The high-pressure methane adsorption isotherms obtained for the HPWP pyrolysis matured gas window Grange Hill shale, both dry and moisture equilibrated (50 and 100% RH) at 25, 60 and 100 °C (Fig. 6), all display type 1 isotherms indicating micropore filling behaviour. Supplementary Table 7 lists the adsorption capacities at 100 and 300 bar, including monolayer capacities derived using duel site Langmuir equation. The stage 5 sample, dry at 25 °C, shows the largest methane adsorption with a monolayer capacity (Qm) of 1.37 mg g−1. Overall, the results confirm adsorption capacities increase with maturity25,26. Micropores are reduced considerably after equilibration with moisture at 50% RH, Qm dropping by 27% to 1.00 mg g−1 for the stage 5 sample. However, this reduces further when taking into account both the temperature and the assumed humidity at the depth of this shale, 100 °C and 100% RH, respectively, reducing adsorption further by another 85% to a Qm of 0.15 mg g−1. Thus, the combined effect of humidity (dry to 100% RH) and temperature going from ambient to 100 °C is to reduce the equilibrium methane adsorption capacity by a factor of 9 consistent with previous studies23,27. The amount of adsorbed methane is reduced further if present-day pressures of shales are below ca. 350 bar where equilibrium is reached (Fig. 6). On the other hand, these estimates may be low if capillary condensation is neglected28, but this only occurs to a significant extent for wet gas. Methane adsorption capacities reported for other shales range from 0.26 (Eagle Ford) to 1.50 mg g−1 (Barnett) for US shales (measured at 40–50 bar)29 and between 1.00 and 4.08 mg g−1 for Qiongzhusi shale, China (measured at 140 bar)30. Not surprisingly, these estimates are considerably lower than for isolated type II kerogen31, which had an adsorption capacity of 15 mg g−1.
To compare the GIP estimates from our pyrolysis experiments and the adsorbed plus free gas measurements for the Grange Hill core, the present-day temperature and hydrostatic pressure of 100 °C/300 bar matching many gas window Bowland Shales with ca. >2.0% Ro (Supplementary Fig. 2). Figure 7 compares the adsorbed and free gas estimates for this scenario for shales with the HPWP gas, assuming a porosity of 1% for the water equilibrated shale. The fact that the maximum HPWP yield of 37 TCF tonne−1 for Rempstone adjusted to a TOC of 3.0%, to match the value for the Grange Hill core, across the whole gas window is comparable to the shale holding capacity indicating that over-pressure will only occur either at higher TOCs or if the porosity is much less than 1%.
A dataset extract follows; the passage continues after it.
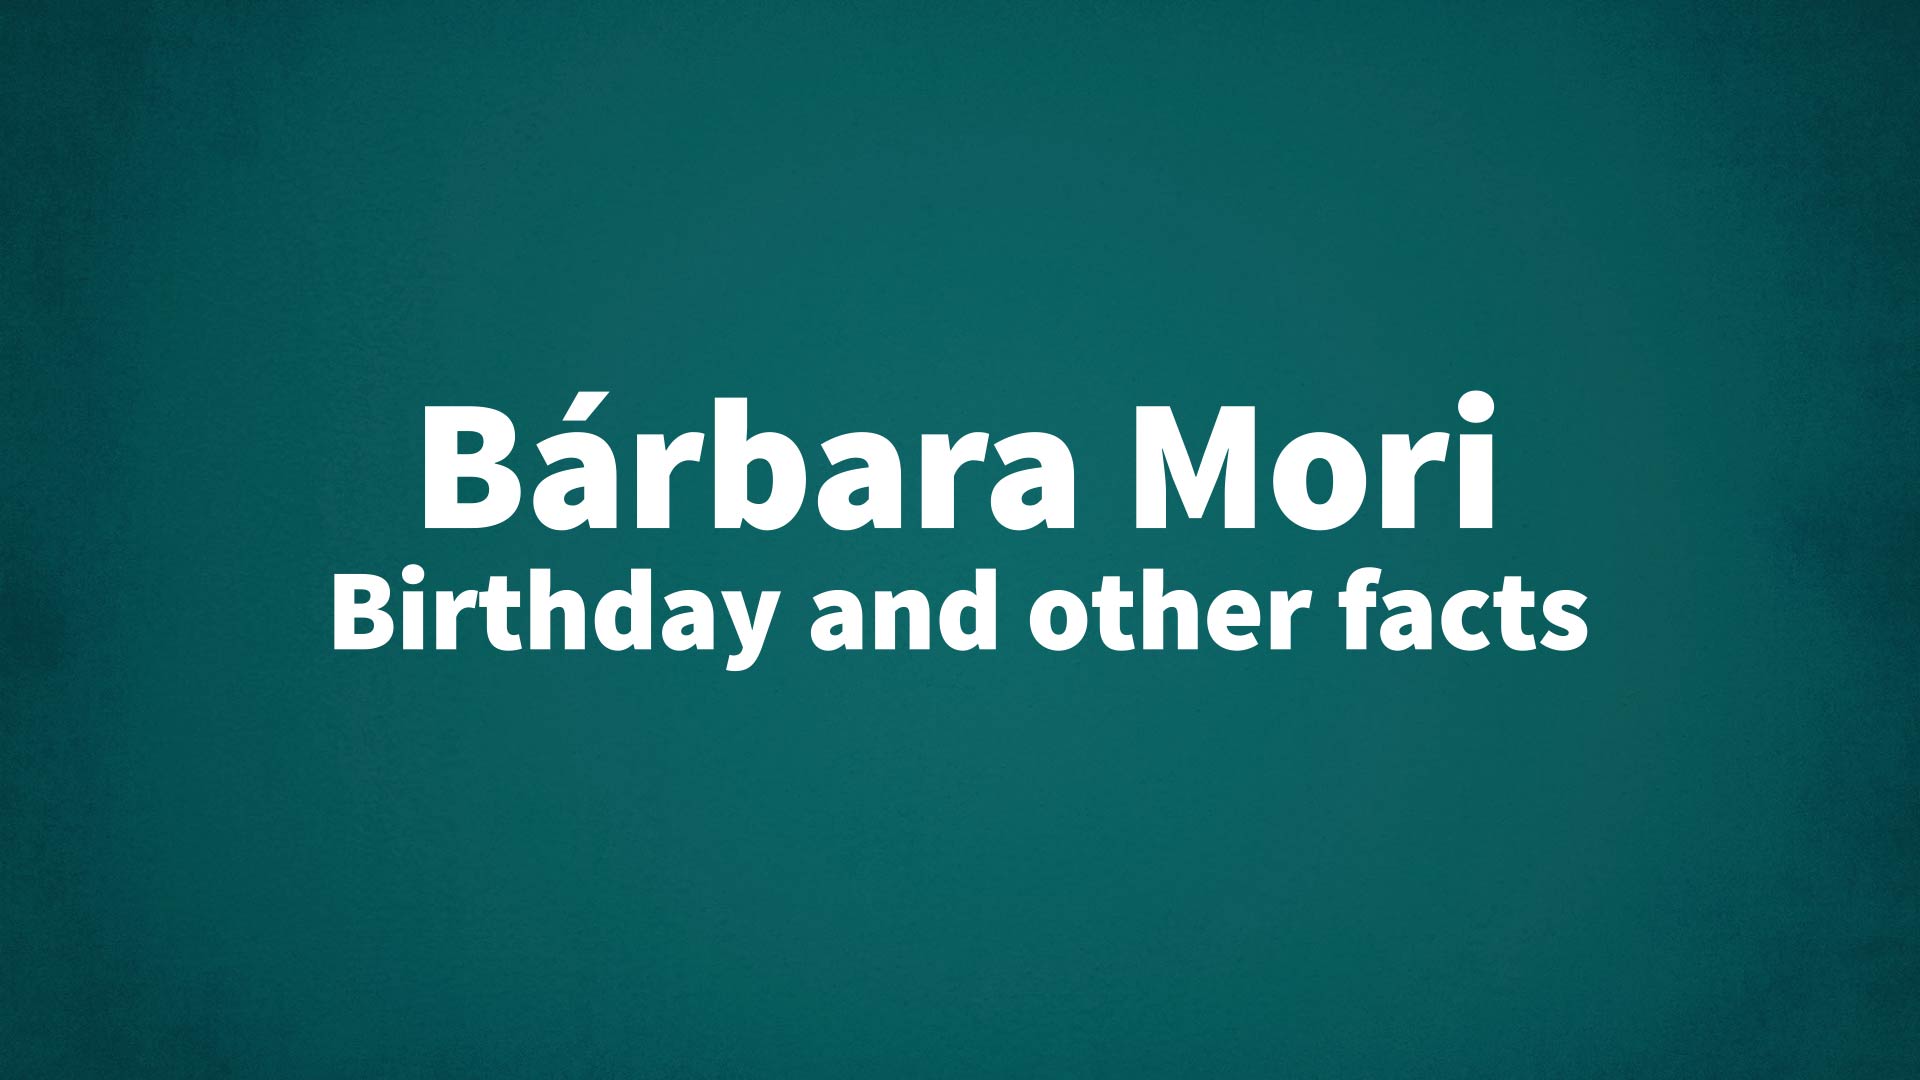 Barbara Mori - Twitter - wide 1

To extrapolate our findings to estimate the maximum GIP, the calculation procedure described in the Methods section was used. Our estimates have been calculated apportioning the estimated mean net Upper Bowland Shale volume (32.9 TCF) used previously7 between the thermal maturity ranges studied by HPWP for the gas window. Thus, we estimate that the shale volume in the gas generating window (>1.3% Ro) is probably only 21.5 ± 3 TCF with 8 ± 2 TCF at >2.0% Ro. Note that this estimate of the Bowland Shale volumes in the particular maturity ranges take no account of whether or not the rock formation is currently at depths >1500 m, which is the base for gas-shale production7. The gas yield for the unextracted Rempstone shale from stages 3, 4 and 5 was assumed to be the upper bound of gas generation, while the corresponding yield for the extracted sample, the lower bound (Supplementary Table 8). To provide a maximum estimate, we assume that the shale in the maturity range 1.3–2.0% Ro has generated the maximum stage 3 yield in HPWP and that at >2% Ro, the total HPWP gas yield for stages 3–5. This gives an estimated total GIP of 28 ± 11 TCF with 16 ± 6 TCF at maturities >2% Ro. This total is ca. 10 times lower than the previous mean estimate7, a factor of 5 arising from the estimated lower gas yields and a further factor of 2 from tailoring the volume of shale to the maturity range over which relatively dry gas is actually generated.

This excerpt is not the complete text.